The Cooling History of a Simple Intrusion from Nipigon, Ontario
Abstract:One of the critical tenets of physical petrology is that chemical processes cannot be considered in isolation from the physical properties and history of the magma. Particularly through the development of the solidification front framework, we recognize the fundamental significance of isotherm propagation through a magma body as the governing control on crystallization. Except in experimental simulations and certain fortuitous natural examples, the primary data we have to reconstruct the thermal evolution of a magma body is the texture of the rock.

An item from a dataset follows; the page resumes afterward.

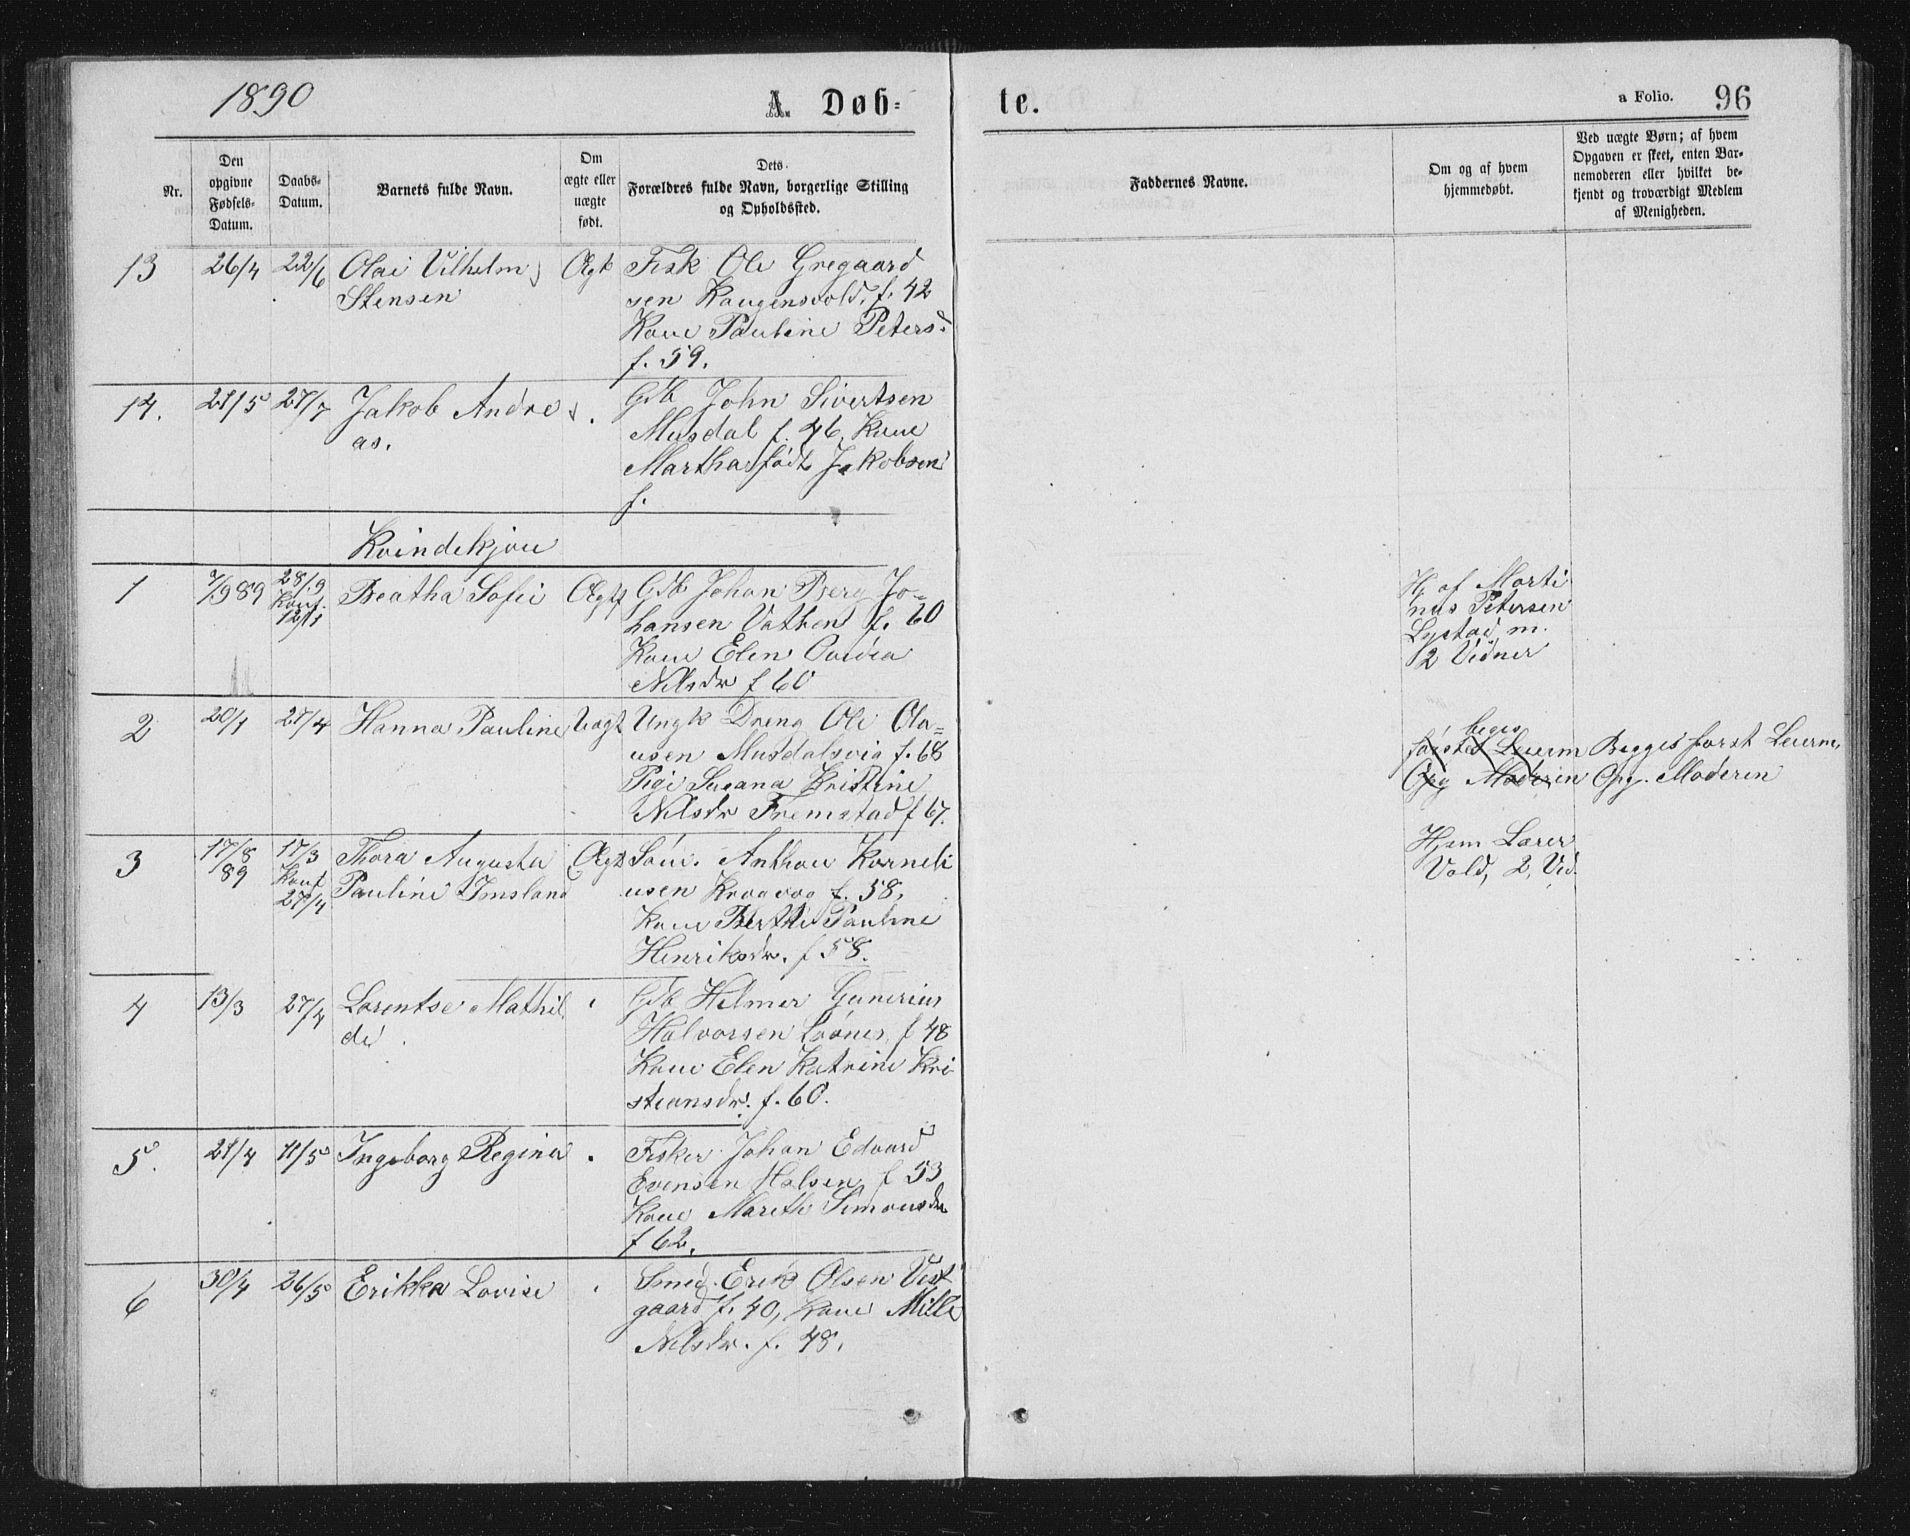 SAT, Ministerialprotokoller, klokkerbøker og fødselsregistre - Sør-Trøndelag, 662/L0756: Klokkerbok nr. 662C01, 1869-1891, s. 96

We have measured crystal sizes of oxide minerals (primarily magnetite) from a thin (1.4 m), compositionally uniform, diabase sill to better characterize the relationship between thermal history and rock texture. In the outer 30 cm of the sill (upper and lower margins), crystal sizes increase from ~2 to ~9 µm, and then remain nearly uniform at 9.5(±1.5) µm through the central 80 cm. There is significant alteration in the lowermost 15 cm of the sill, which has largely obliterated the original oxide textures, but otherwise the textural profile is remarkably symmetrical, indicating that cooling occurred by simple conduction through the upper and lower margins. Reasonable cooling models, coupled with a simple linear crystal growth model, generate theoretical textural profiles that closely resemble the measured profile. The parameters of the growth model are consistent with experimental and observational data from a wide range of igneous bodies.
We suggest that the observed crystal size variations in this thin sill can be considered a type example of a simple dike or sill in which there were no phenocrysts intruded with the magma, no significant redistribution of crystals during cooling, and simple conductive cooling through the margins. Our results can be used as an example of the extent and pattern of textural variations that can be expected in a simple intrusion, and thus a null hypothesis for proposed complex intrusions.